Stabilizing Dynamic Controllers for Hybrid Systems: A Hybrid Control Lyapunov Function Approach

Abstract

This paper proposes a dynamic controller structure and a systematic design procedure for stabilizing discrete-time hybrid systems. The proposed approach is based on the concept of control Lyapunov functions (CLFs), which, when available, can be used to design a stabilizing state-feedback control law. In general, the construction of a CLF for hybrid dynamical systems involving both continuous and discrete states is extremely complicated, especially in the presence of non-trivial discrete dynamics.
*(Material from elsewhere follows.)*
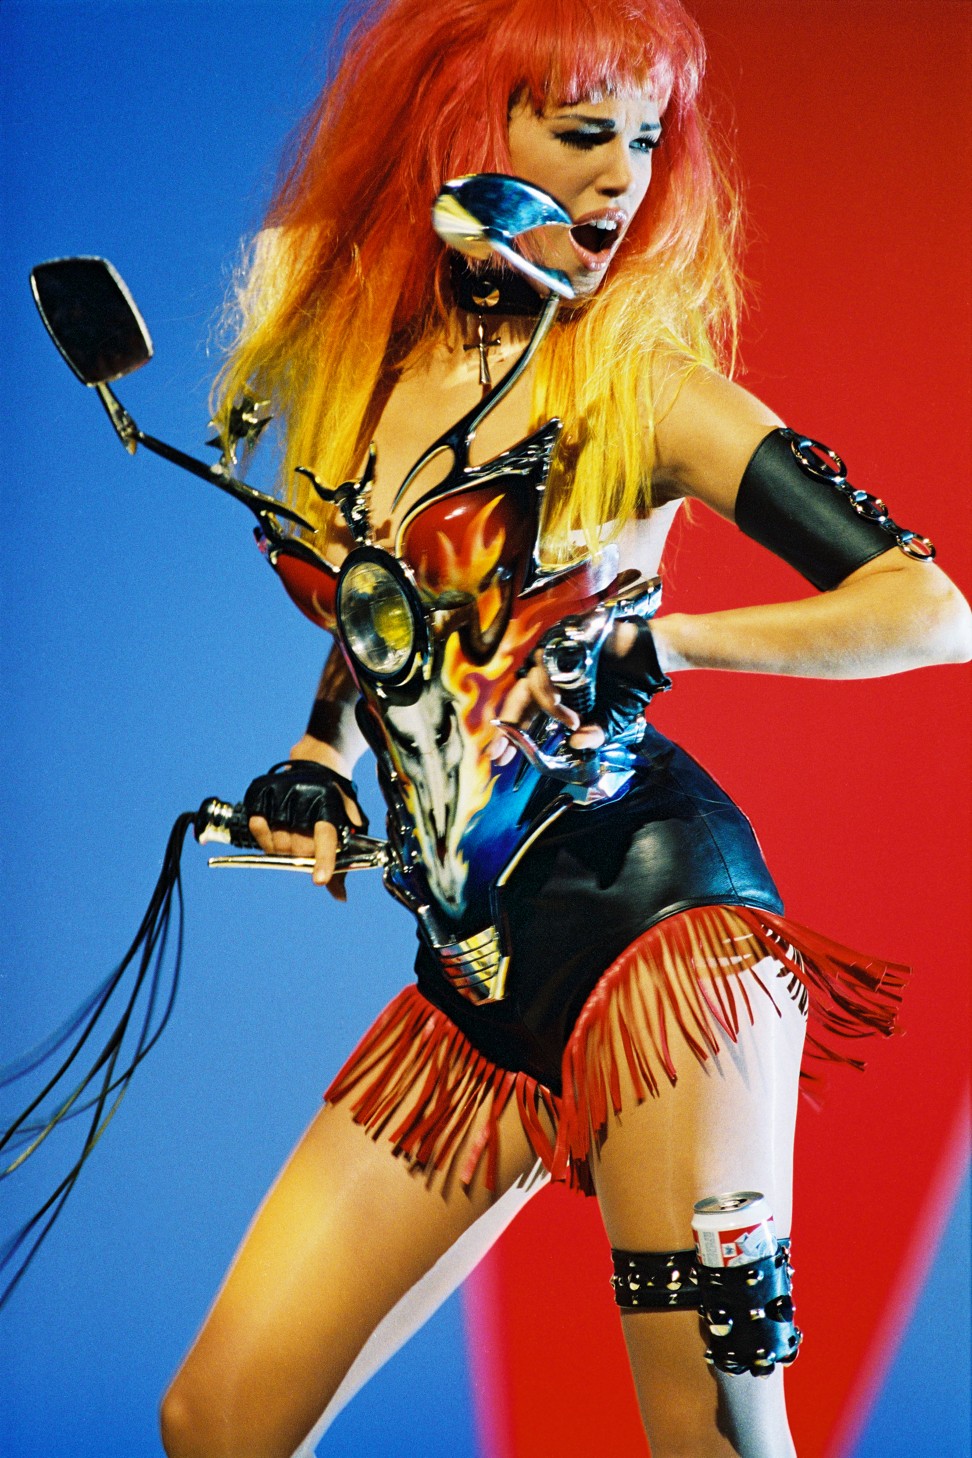 Fashion designer Thierry Mugler designed and created the costumes for George Michael’s Too Funky video, as worn by Swedish model Emma Sjöberg (now Emma Wiklund).

Therefore, we introduce the novel concept of a hybrid control Lyapunov function, which allows the compositional design of a discrete and a continuous part of the CLF, and we formally prove that the existence of a hybrid CLF guarantees the existence of a classical CLF. A constructive procedure is provided to synthesize a hybrid CLF, by expanding the dynamics of the hybrid system with a specific controller dynamics. We show that this synthesis procedure leads to a dynamic controller that can be implemented by a receding horizon control strategy, and that the associated optimization problem is numerically tractable for a fairly general class of hybrid systems, useful in real world applications. Compared to classical hybrid receding horizon control algorithms, the proposed approach typically requires a shorter prediction horizon to guarantee asymptotic stability of the closed-loop system, which yields a reduction of the computational burden, as illustrated through two examples.